昨年のエンゲル係数は25.8%に上昇 29年ぶり高水準 食生活の変化影響

 
エンゲル係数の推移

 消費支出に占める食費の割合を示す「エンゲル係数」が2016年は25.8%に上昇し、29年ぶりの高水準となった。野菜の値上がりが家計を圧迫した面が大きいものの、総菜などの「中食」や外食を楽しむ層が増えたことも一役買った。「係数上昇イコール生活困窮」と、かつてのように一概には言い切れない、近年のライフスタイルの変化が浮かび上がる。

 食費は日々欠かせず、他の支出に比べ節約しにくい。このためエンゲル係数は収入が少ない世帯で高く、趣味やレジャーにお金を回す余裕が出ると低くなる傾向がある。
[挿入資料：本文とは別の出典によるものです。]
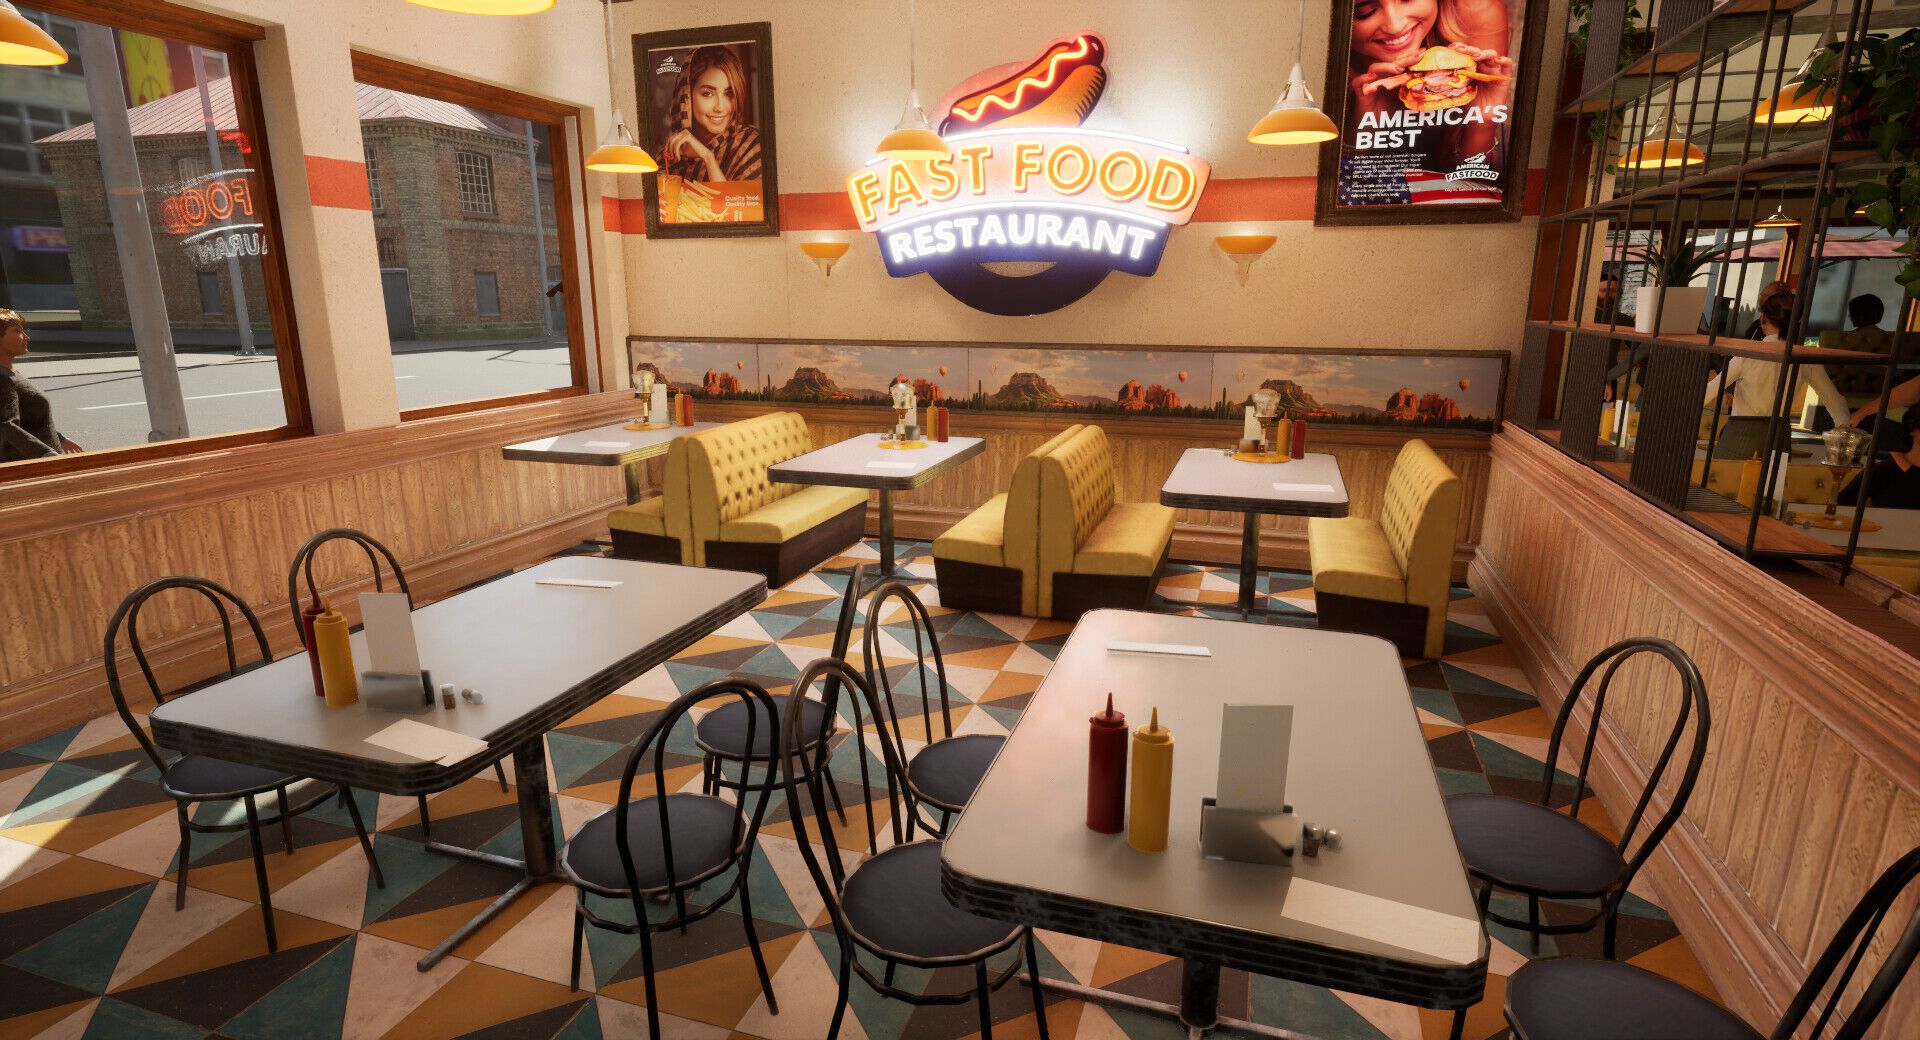 ファストフード店経営シミュ『Fast Food - Restaurant Simulator』Steamページ公開。店舗改装、商品発注、衛生管理……すべてをこなし、廃墟から業界一のレストランを目指せ

 総務省の家計調査によると、2人以上の世帯のエンゲル係数は戦後、1990年代半ばまでほぼ一貫して下がり続け、その後は20%台前半で推移してきた。

 ところが近年急上昇し14年の24.0%から15年に25.0%、16年はさらに上がり87年(26.1%)以来の高水準を記録した。

 16年は天候不順で野菜の価格が高騰、一時に比べると円安傾向で輸入食品も値上がりした。消費者物価指数の内訳を見ると「食料」は前年比1.7%上昇し、手取り収入が伸び悩む中で家計に重くのしかかった。

 他方、食生活の変化もエンゲル係数を押し上げた。調理食品への支出は5.3%増え、食費全体の伸び(1.5%増)を大きく上回った。共働きやお年寄りの世帯が増え、手間が掛からない総菜や弁当をコンビニエンスストアなどで買い求める人が増えているためだ。調理食品は食材より値段が高く、購入が広がればエンゲル係数の上昇要因となる。

 洋服などへの支出を抑える一方、買い物より体験を重視する「コト消費」が人気を集め、外食費が削られにくくなっているとの指摘もある。

 第一生命経済研究所の永浜利広首席エコノミストは「食文化が成熟し、エンゲル係数の上昇がそのまま生活の困窮を示すわけではなくなった。生活水準を測るにはコメや小麦粉など必需品の支出の推移を見る必要がある」と指摘している。